Analysts Predict Good Market for Poultry

12/14/2013 7:00 AM
By Janice F. Booth Maryland Correspondent

ANNAPOLIS, Md. — Markets, regulations and legislation continue to change the landscape for farmers. In its ongoing effort to help stakeholders keep up with the changes, the University of Maryland’s Center for Agricultural and Natural Resources Policy sponsored the 2013 Agricultural Outlook and Resource Policy Conference Dec. 4 at the Loews Hotel in Annapolis.

Representatives from the farm community and the Department of Agriculture, including Buddy Hance, Maryland’s agriculture secretary, attended the event. Sessions included updates on Maryland’s agriculture policy changes, legislative initiatives and market updates.

David Harvey, an economist with the USDA’s Economic Research Service, or ERS, presented a fairly rosy picture of the poultry market for 2013 and 2014. Using his research and that of his colleague, Alex Melton with the market and trade economics division of ERS, Harvey said the world’s livestock and poultry industries, especially the U.S. broiler industry, have all benefited from lower feed costs and an expansion in production to meet export demands.

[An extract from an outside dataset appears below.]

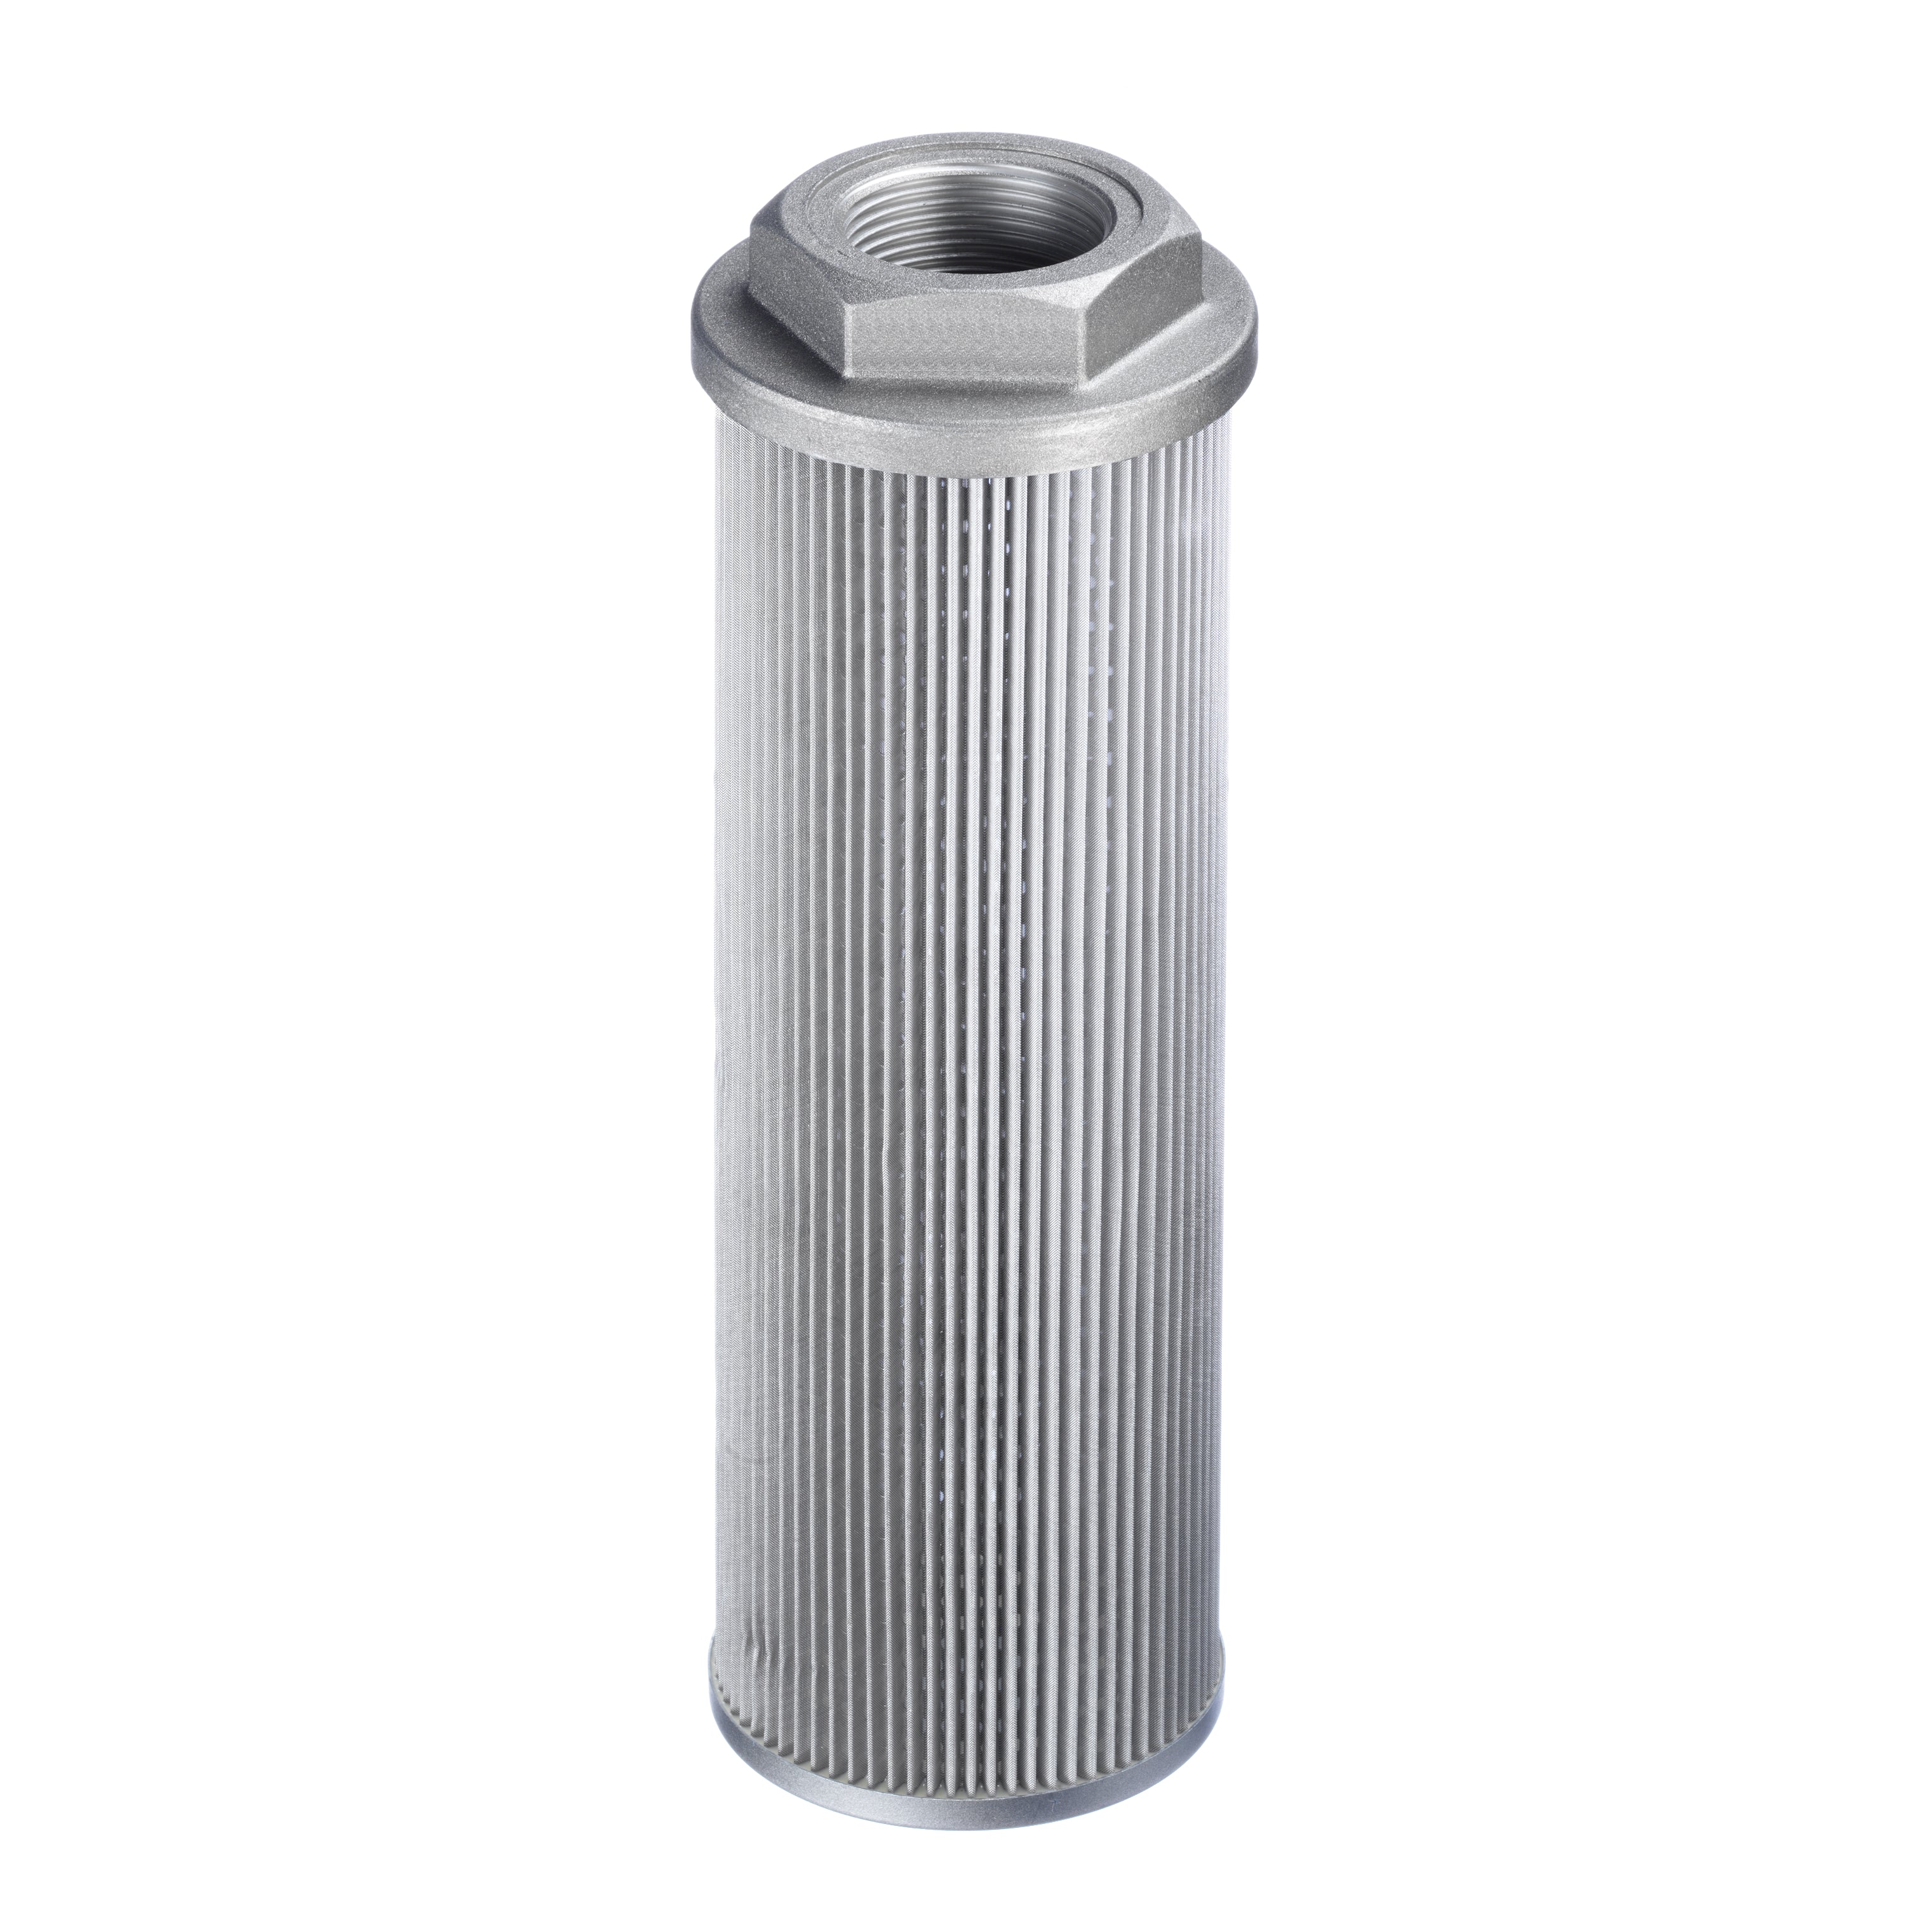 SUS-050-N08-105-125-A-O : Stauff Suction Strainer, Aluminum End Cap, 1/2" NPT, 3.9GPM, 125 Micron, No Bypass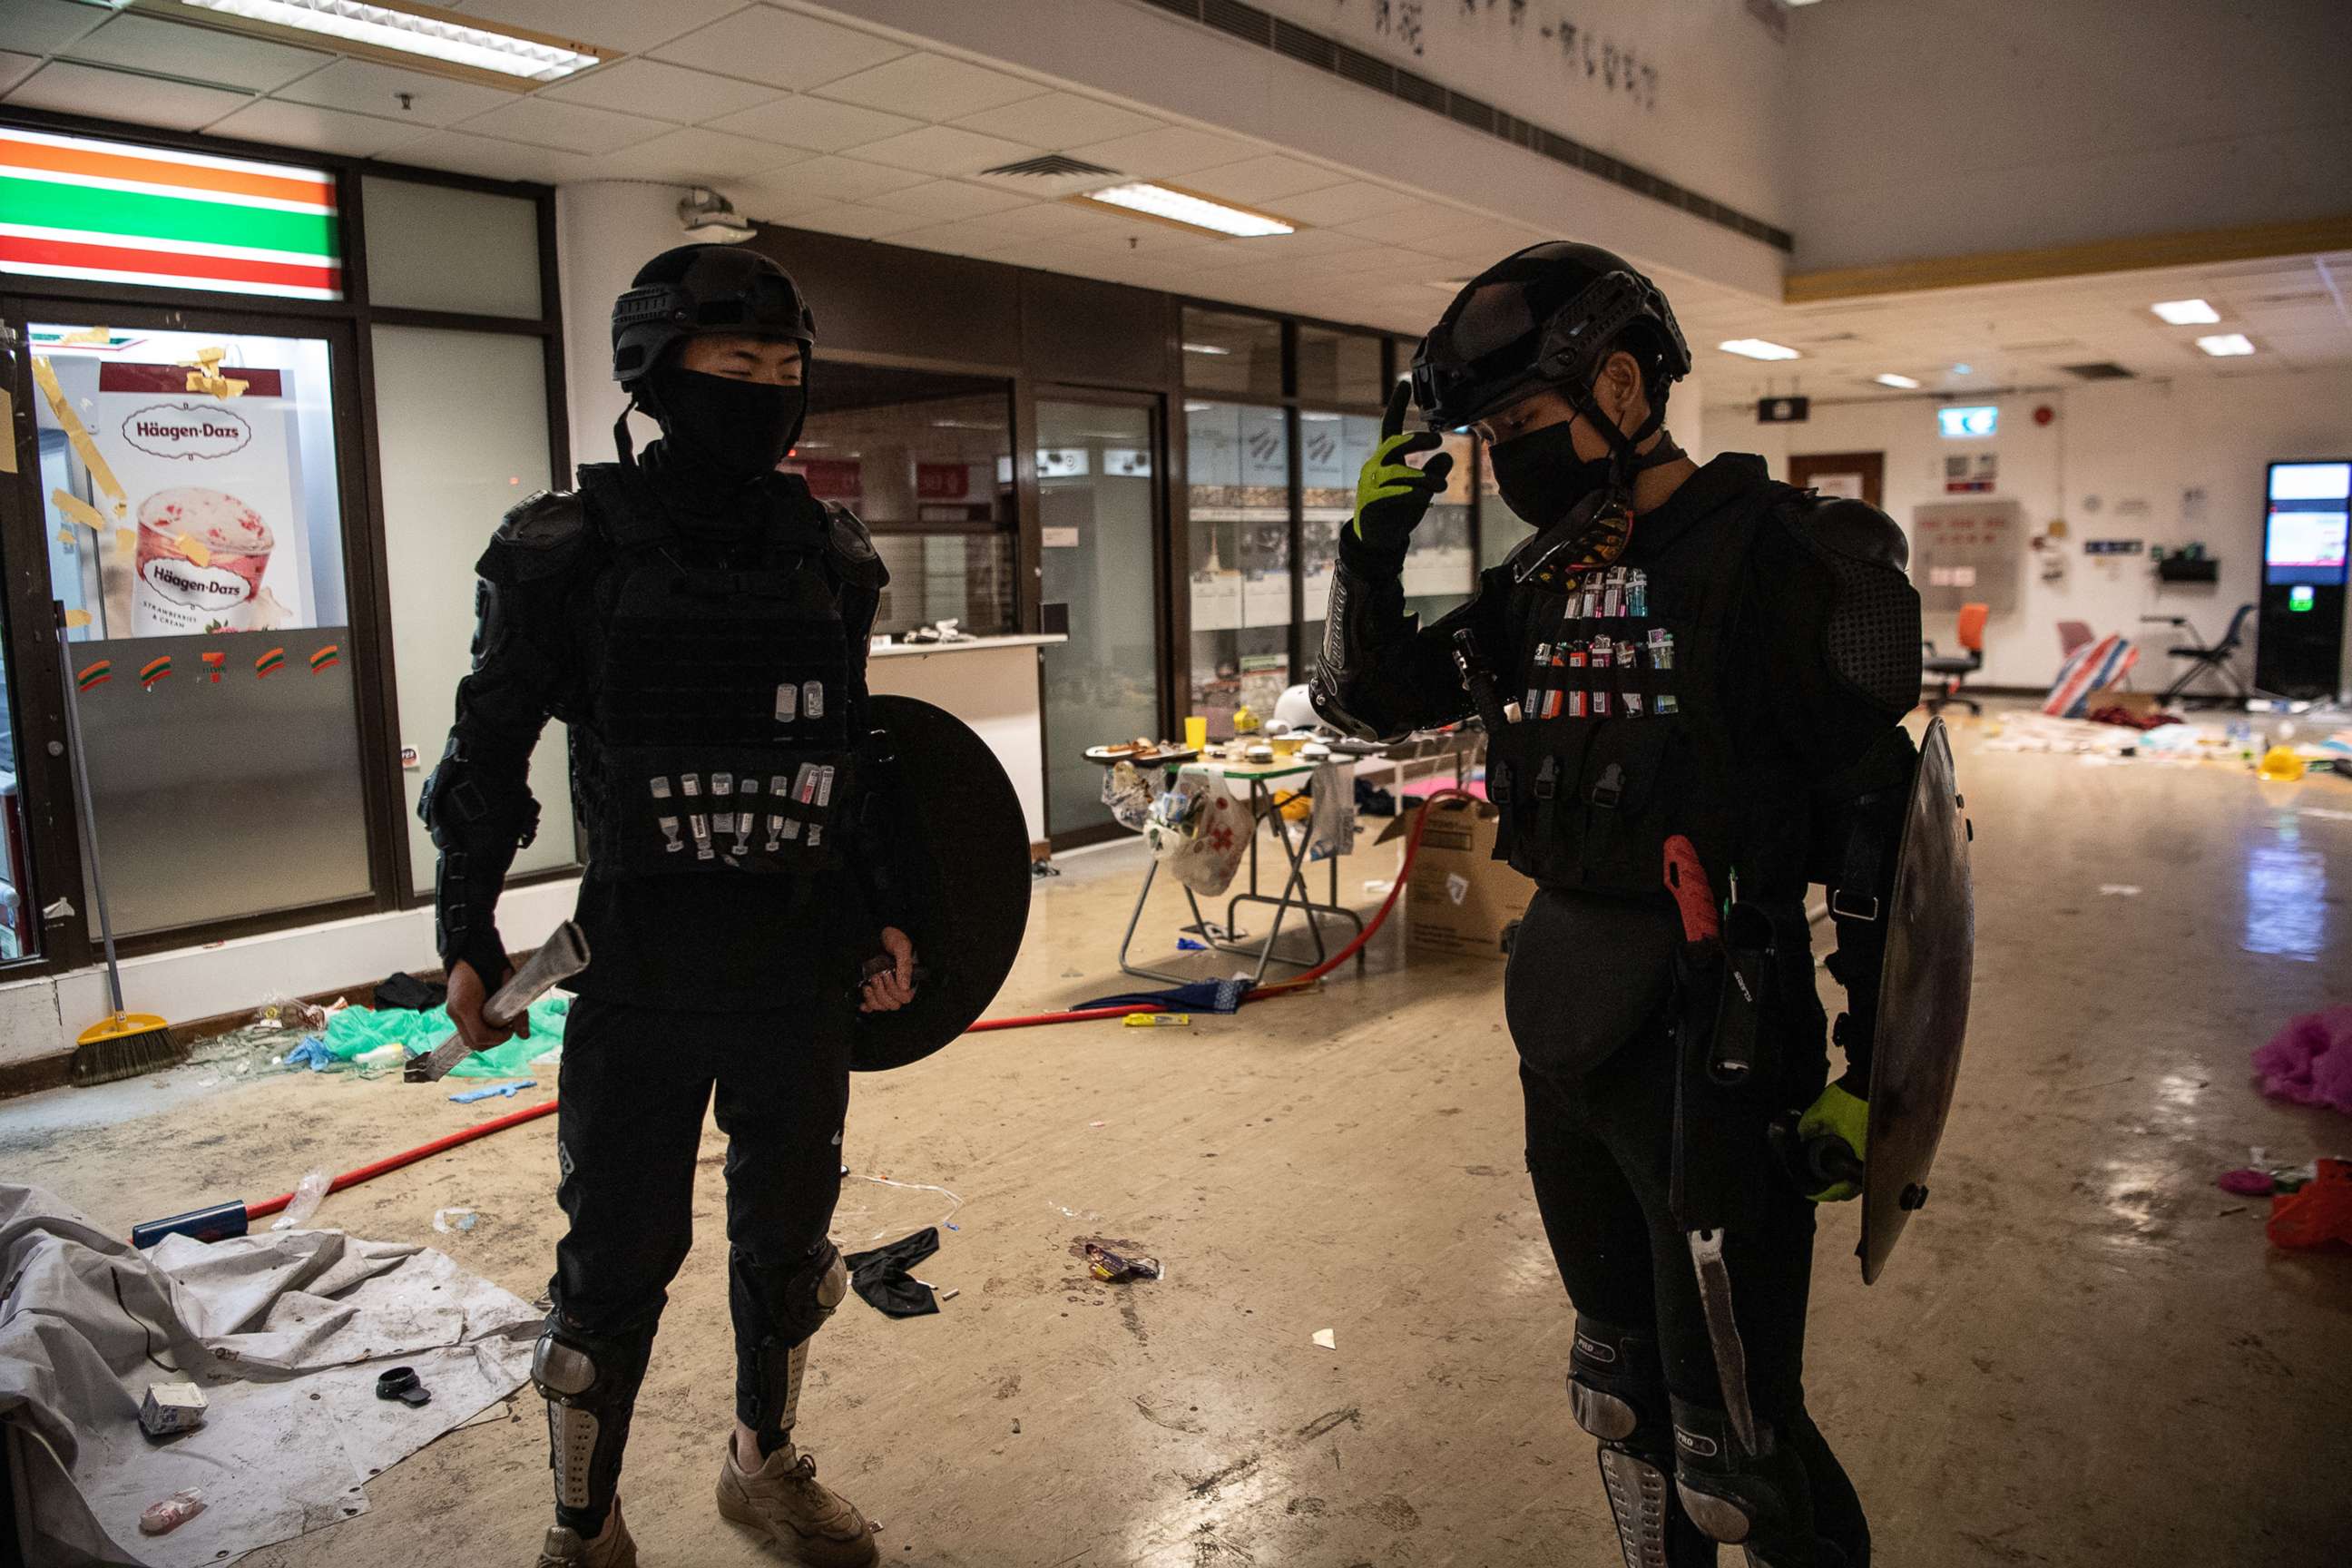 PHOTO: Anti-government protesters with their faces covered stand at Hong Kong Polytechnic University, which has been taken over by anti-government protesters, on Nov. 21, 2019, in Hong Kong.

Harvey noted that while increased broiler production tends to lower overall prices, this dip may be offset by lower beef production in 2014. And the strengthening of the U.S. economy, combined with a strong export market, will further bolster the economic picture of the U.S. broiler industry.

Harvey said “the forecast for U.S. broiler production in 2013 is 37.8 billion pounds, an increase of 2 percent from 2012. Production is then forecast to continue to expand in 2014 to 38.9 billion pounds, an increase of 2.9 percent Broiler meat production in 2014 is expected to show strong growth in the first half of the year and expand slightly less in the second half of 2014.”

Drilling down a bit, Melton and Harvey pointed out that lower corn and soybean prices, rising production, high stock levels and 7.4 billion pounds of exported broiler meat, all contribute to the positive outlook.

They cautioned that long-term growth will depend on five factors: world economic conditions, growth in world trade (which has increased over the last 20 years), competitive prices, environmental issues and access to foreign markets.

Harvey and Melton recommended three websites for reliable broiler forecasts:

World Agricultural Supply and Demand Estimates, www.usda.gov/oce/commodity/wasde/index.htm, which is revised monthly.

Livestock, Dairy and Poultry Situation and Outlook, www.ers.usda.gov/publications/ldp/.

Livestock and Poultry: World Markets and Trade, www.fas.usda.gov/dlp/livestock_poultry.asp, a biannual report.

The importance of feed prices prepared the audience for Mark Jekanowski, chief of the ERS field crops branch, and his analysis and outlook for U.S. grains and oilseeds. His overview of grain and oilseeds markets was optimistic based on “record high prices and profitability during the current crop year, which will go to market in the first three quarters of 2014.” These strong economic results, Jekanowski said, can be attributed to three factors: export demand in emerging markets, biofuel policy and weather events.

In the U.S., 97 million acres of corn were harvested in 2013. The national average yield was up from the 2012 drought-year figure of 160 bushels per acre. Nearly 14 billion bushels of corn were harvested in 2013. The predicted average price per bushel is $4.50, which is less than 2012 when supplies were tighter.

The one-time star of the corn market, ethanol, has leveled-out over the last two years, Jekanowski said. The U.S. biofuels market is mature, with biofuels making up about 10 percent of the country’s overall fuel supply, but fuel consumption is flat. The demand for corn going to ethanol is no longer expanding.

As for the corn export market, Jekanowski said that up until 2008, the U.S. dominated this market. Since then, Argentina, Brazil and Ukraine have been gaining international market share. In 2013-14, the USDA predicts U.S. corn exports could rebound to 36 million metric tons, up from approximately 18 million metric tons in 2012-13.

As for soybeans, farmers, in recognition of the rising demand for corn, reduced their soybean acreage. The reduction in supply has resulted in a predictable increase in prices. With a 2013 average yield of 43 bushels per acre, the average price per bushel is $12, with some downward fluctuation in the fourth quarter.

The USDA predicts an increase in export demand for U.S. soybeans, especially from China. Brazil, a strengthening competitor with the U.S. for the world’s soybean market, is nearly matching U.S. production and moving ahead on exports. Jekanowski notes, however, that the seasonal reversal of harvests in Brazil and the U.S. makes production complementary rather than competitive.

Jekanowski said corn and soybean production had rebounded from the 2012 drought. While competition is intense, export demands for both crops remains strong. And while prices may be declining due to a large supply, those prices are “regaining normalcy.”